# Rates...



## Hedgehogluvr386 (Jun 16, 2012)

I was wondering why rates to ship an animal, specifically hedgehogs, is so pricey. I feel like if they lowered the cost (even to like $100 instead of $200+) more people would use the service, and in turn be more profitable...? I understand it isn't like shipping packages or letters and requires more care, but am I missing something here or is it just super pricey?

I was pondering this while falling in love with a hedgehog in Alabama that I couldn't pick up or would pay that much to get shipped to me at that cost.  15+ hours is too far! There needs to be more of a variety of hedgehogs in the Northern Oh/Western NY area.


----------



## SammieStyles (Jan 18, 2013)

I'm not sure why it's so high, but I guess it's just to absolutely ensure the hedgie's safety. And I think it also covers the fuel cost as well. I paid 180$ to get my hedgie shipped across Canada, it's a bit much, but it's to absolutely ensure a safe flight, plus the gas prices and everything else is covered


----------



## Hedgehogluvr386 (Jun 16, 2012)

That seems cheaper than in the U.S. but... who knows? I think it depends on the flight and/or distance. Otherwise, I'm still not sold on this shipping thing. A fight across the country.. (say NY to Florida) is less than 5 hours, depending on the flight... 
Getting a "human" ticket is about $180 (about your hedgies flight cost) so I thought animals would be cheaper..hmm


----------



## Hoppin Hedgehogs (Apr 3, 2011)

There are lots of reasons why shipping prices vary from breeder to breeder. We live in Canada so it may be slightly different than in the USA.

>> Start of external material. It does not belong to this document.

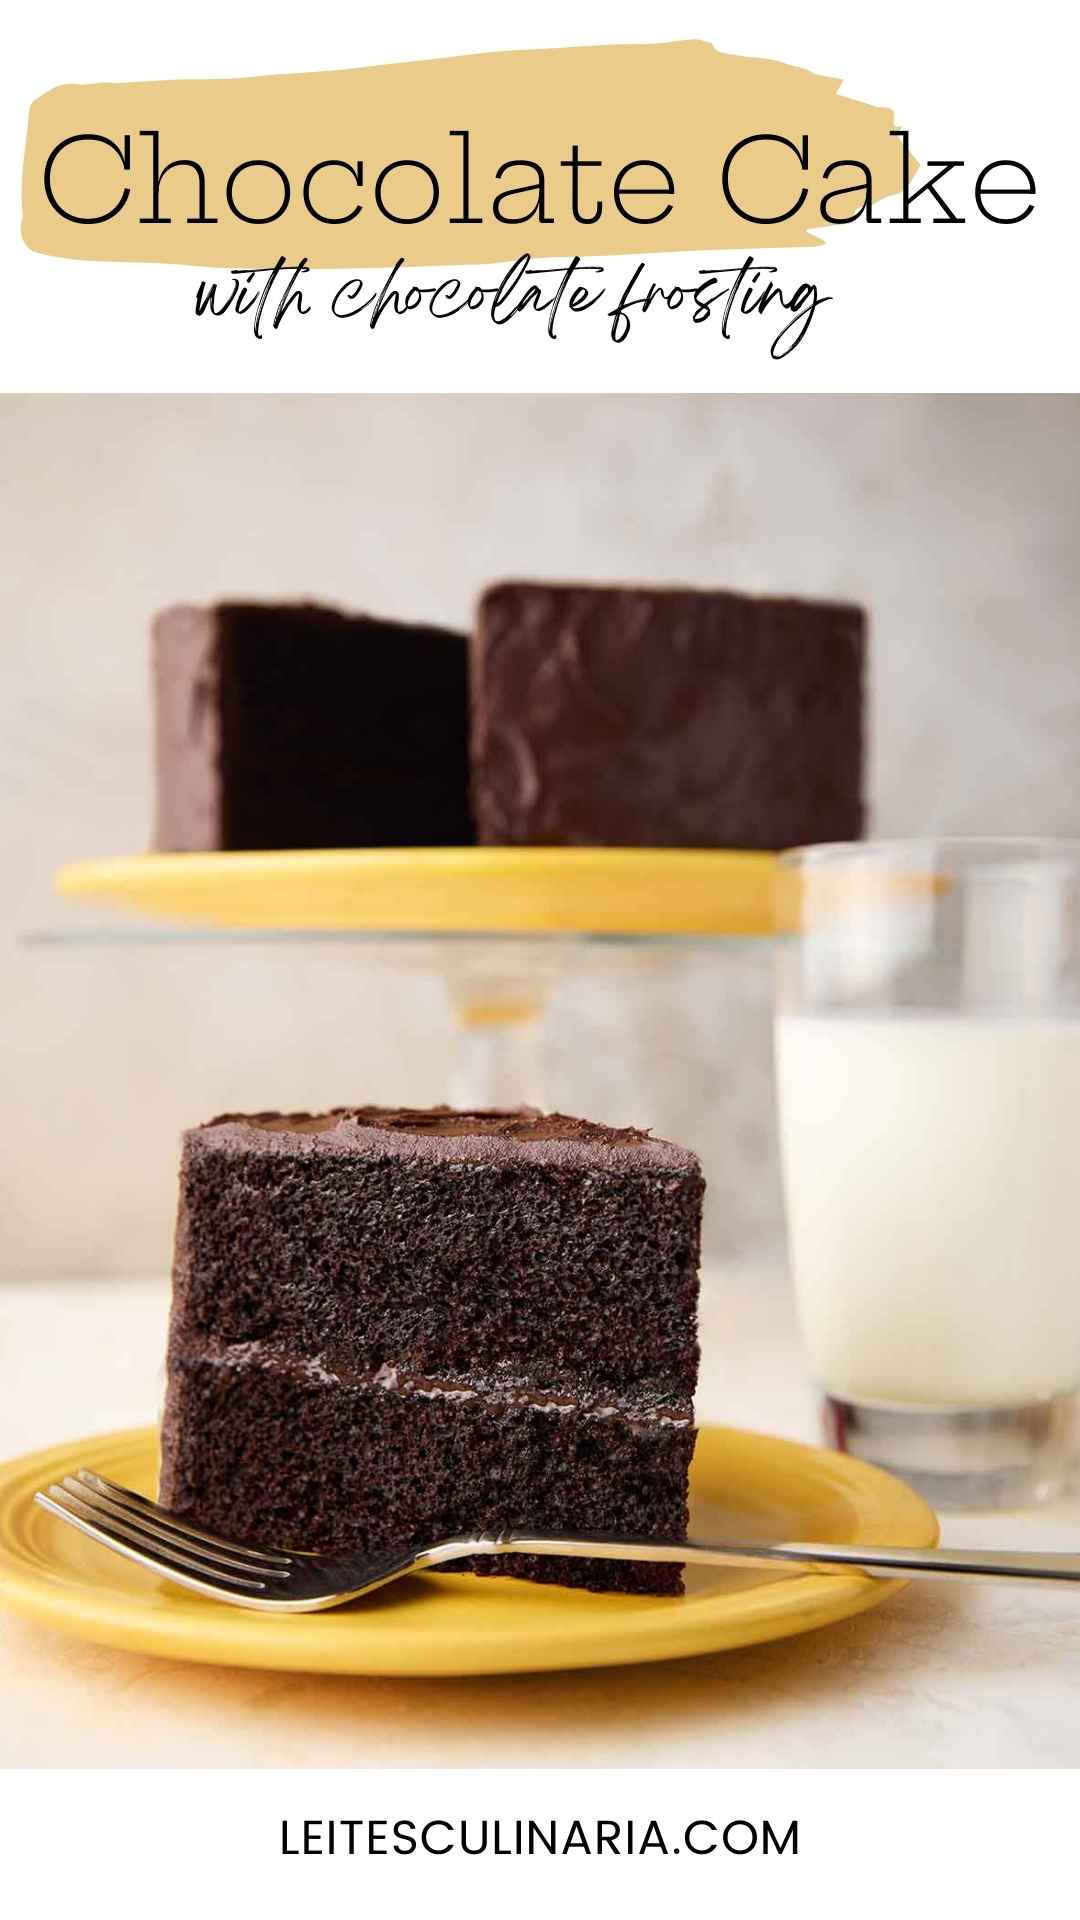 A slice of Hershey's chocolate cake with chocolate frosting on a yellow plate, with the remaining cake on a stand in the background.

We live close to the airport, and We don't have to pay for parking at the airport so that helps a little. We don't charge for our time as it only takes us about 20min round trip. When we got ours shipped to us from hedgehog Grove it was around $225 but she is over an hour away from the airport so her costs are a lot higher. It also depends on the cost of the carrier the breeder provides with the hedgehog.

Due to our location we can charge $120.00 for shipping including the carrier. It's just because our costs are lower than most breeders and we choose to pass on the savings.


----------



## reedwoman814 (Mar 4, 2013)

I would guess prices are expensive any time shipping a living thing is involved. Because the persons transporting it would be responsible for a life, and I'm assuming that shipping would have to be expedited so that the hedgie could arrive quickly. Which means being driven straight away with no stops. This puts the company at risk, and this would raise the companies insurance costs. Those costs get passed on to the shipper.


----------



## Hedgehogluvr386 (Jun 16, 2012)

gotcha... that makes sense I suppose.  Thanks!


----------